What Causes Dizziness, Vertigo, and Balance Problems?

Woman holding hand to head and clutching wall

A balance disorder is an ailment that causes you to feel dizzy or unsteady, creating the sensation of spinning or floating or moving. And although short or minor episodes of dizziness are commonplace and no cause for concern, more intense sensations of spinning (vertigo) or protracted dizzy spells should be evaluated.

On top of dizziness, you may also encounter other symptoms like nausea, variations in heart rate, anxiety, or panic. Again, if these episodes are especially extreme or prolonged, it’s a good idea to seek professional care.

The types and causes of balance disorders are varied, but before we get to that, let’s quickly review how the body ordinarily preserves its sense of balance.

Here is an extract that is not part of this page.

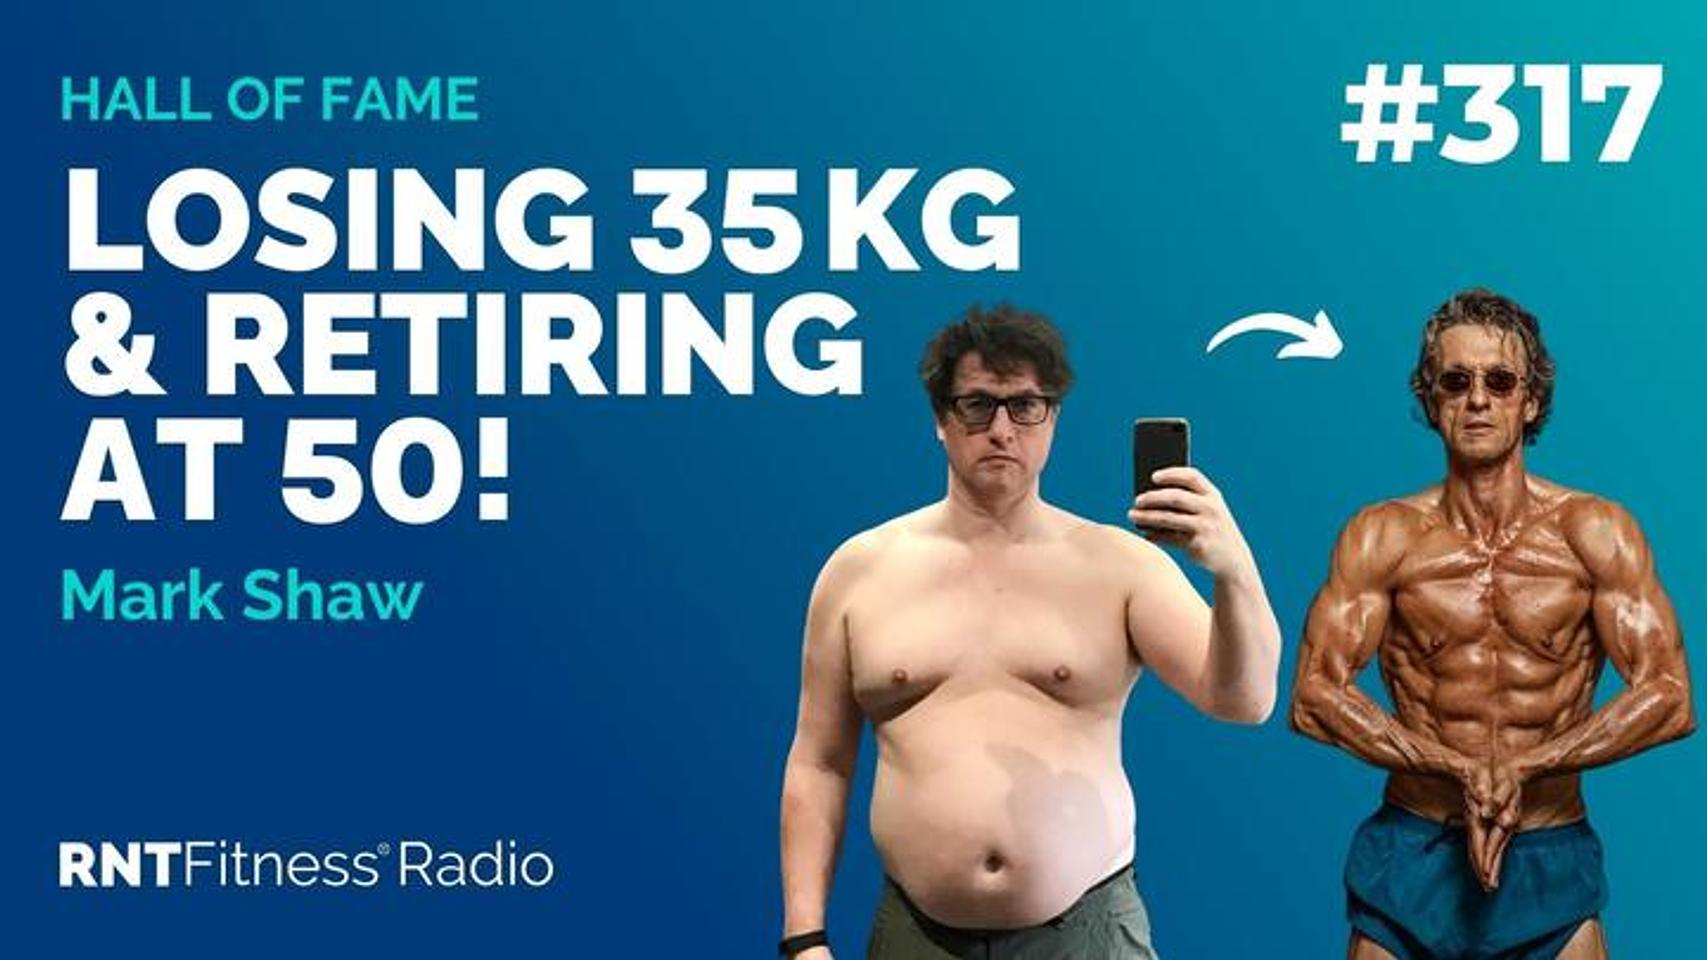 Ep 317 - Hall Of Fame | Mark Shaw: Losing 35kg & RETIRING At 50!
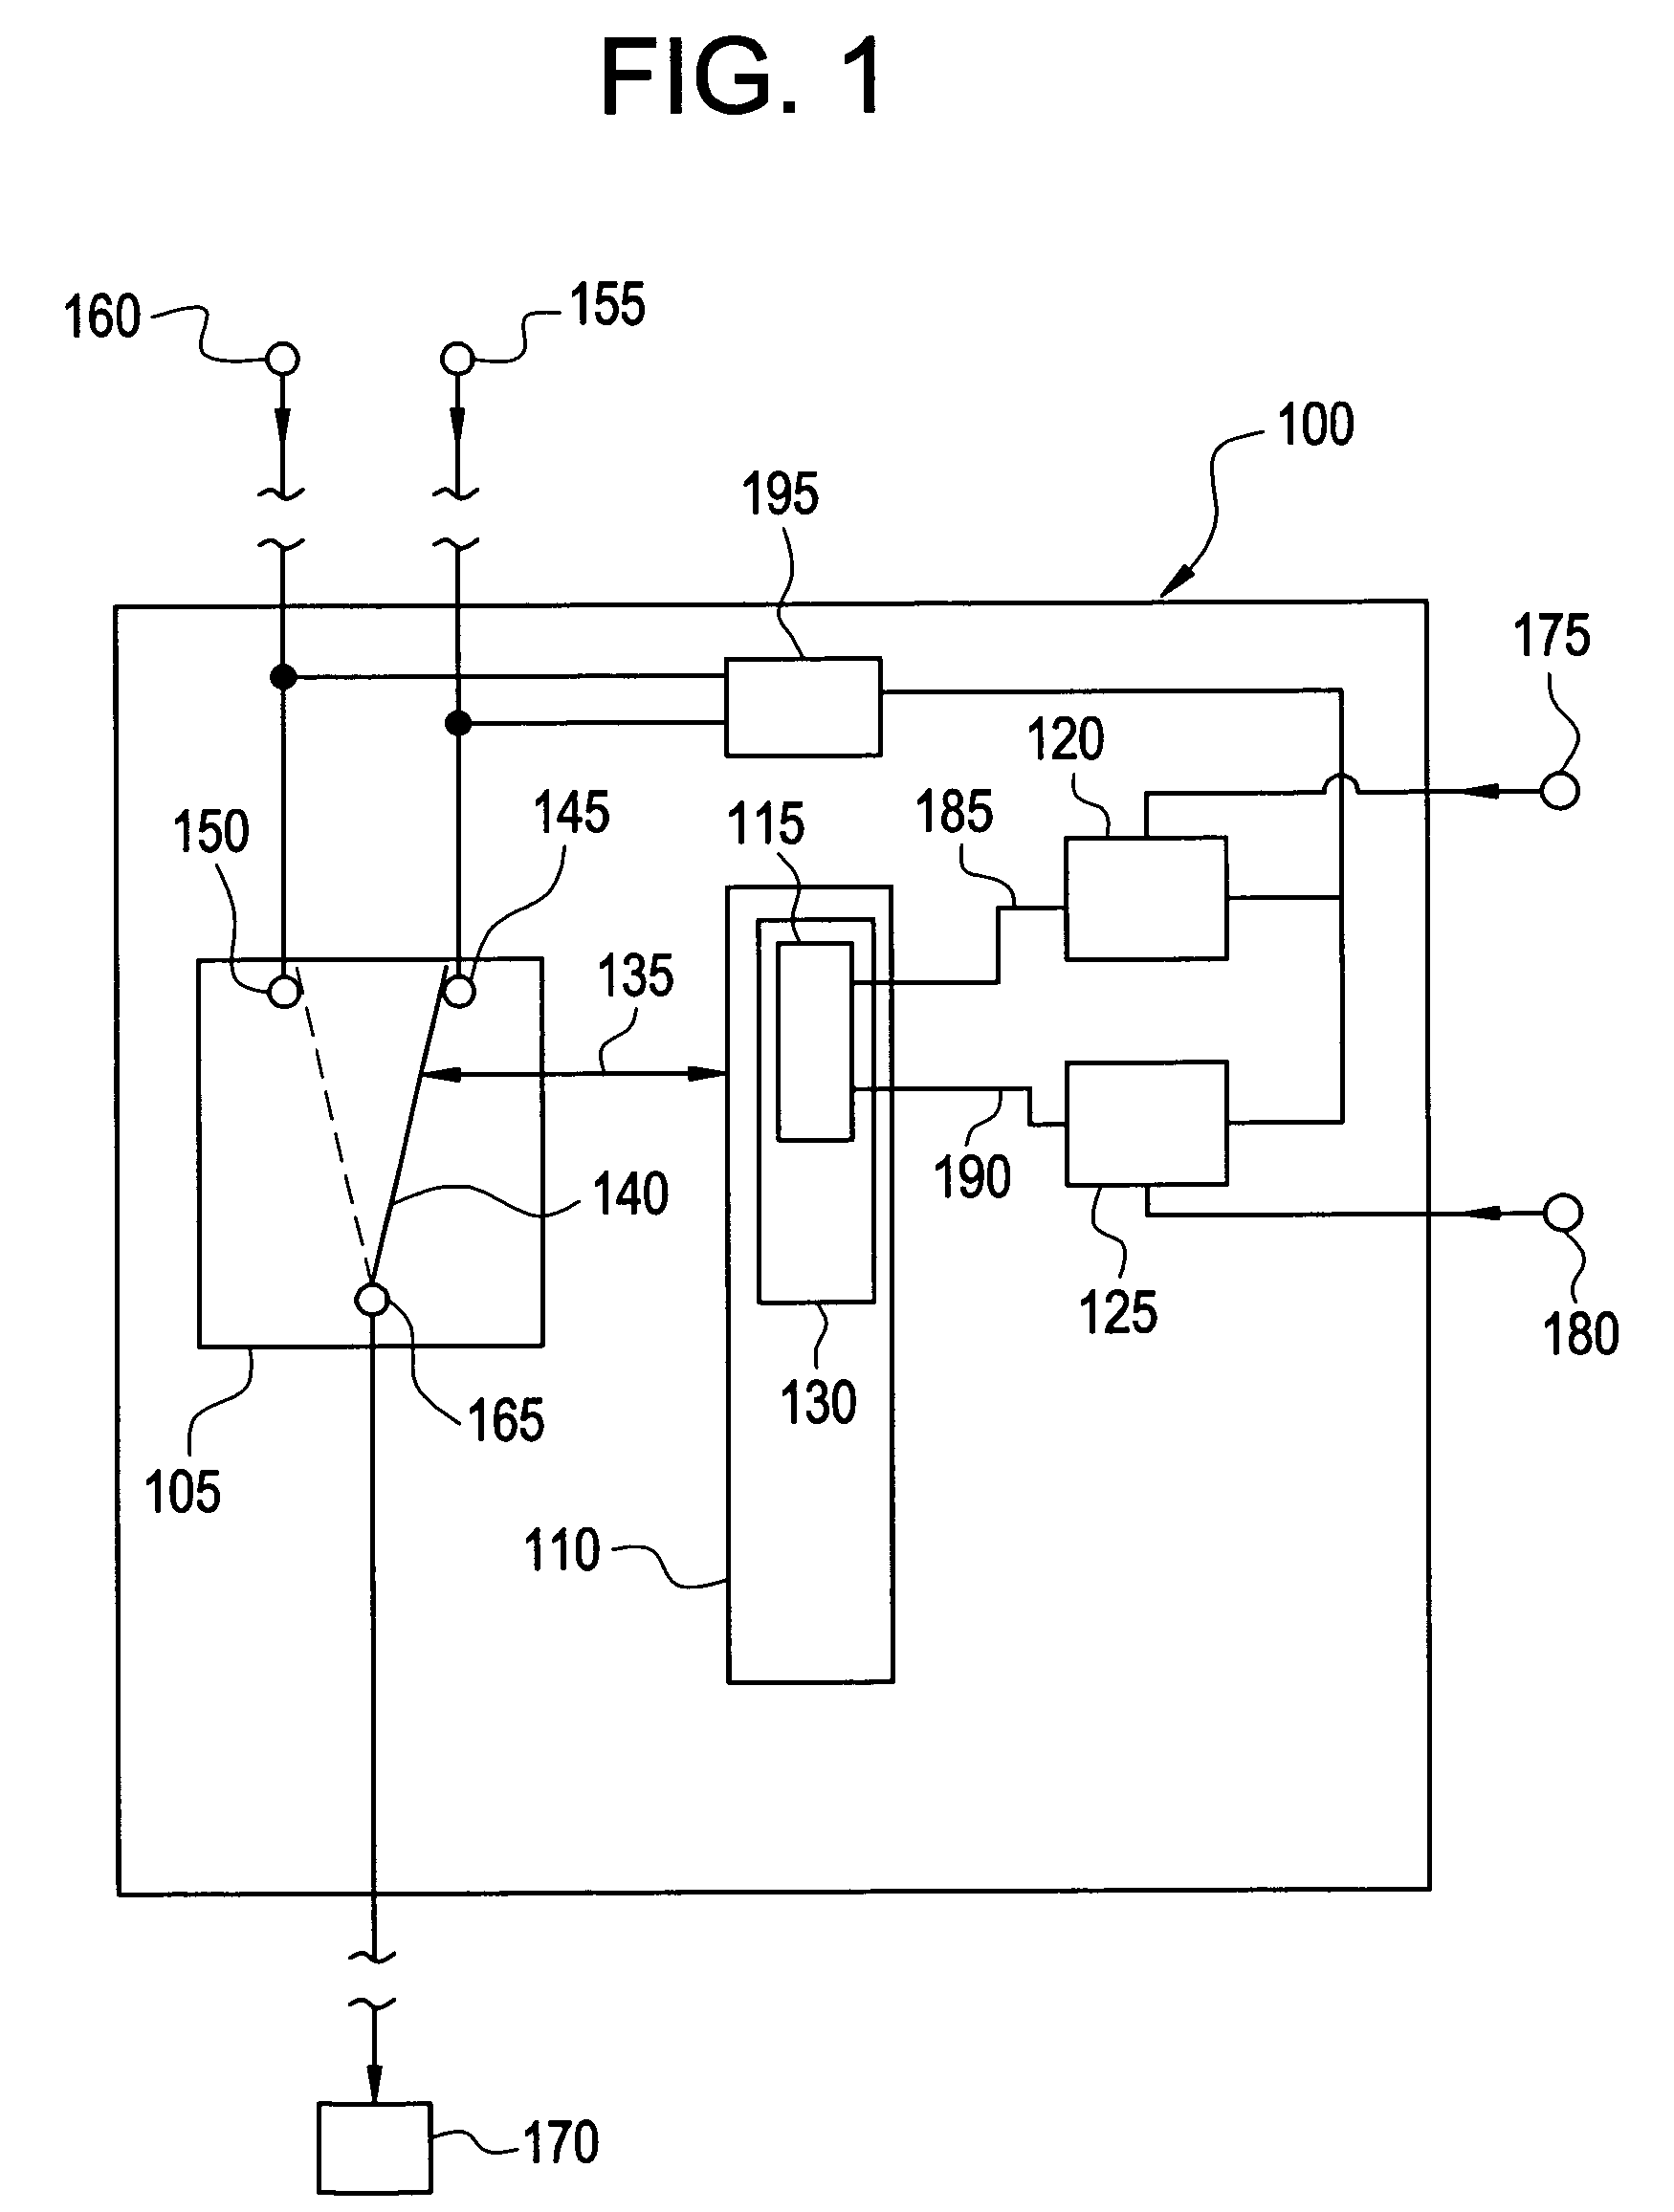 Automatic transfer switch apparatus

How the body preserves its balance

We take the body’s skill to maintain balance for granted because it typically operates effortlessly behind-the-scenes. But when you think about it, maintaining balance is really an incredible feat.

Even in motion, your body is able to perceive its location in space and make modifications to keep your body upright, while requiring very little to any mindful regulation. Even when you close your eyes, and remove all visual cues, you can accurately sense the position of your head as you move it up or down, left or right.

That’s because your vestibular system—the array of organs and structures in your inner ear—can sense any alterations in your head position, sending nerve signals to alert your brain of the change.

Structures in the inner ear called semicircular canals have three fluid-filled ducts positioned at roughly right angles to each other. When you move your head, the fluid moves along with it, stimulating the nerve cells that send the information to your brain.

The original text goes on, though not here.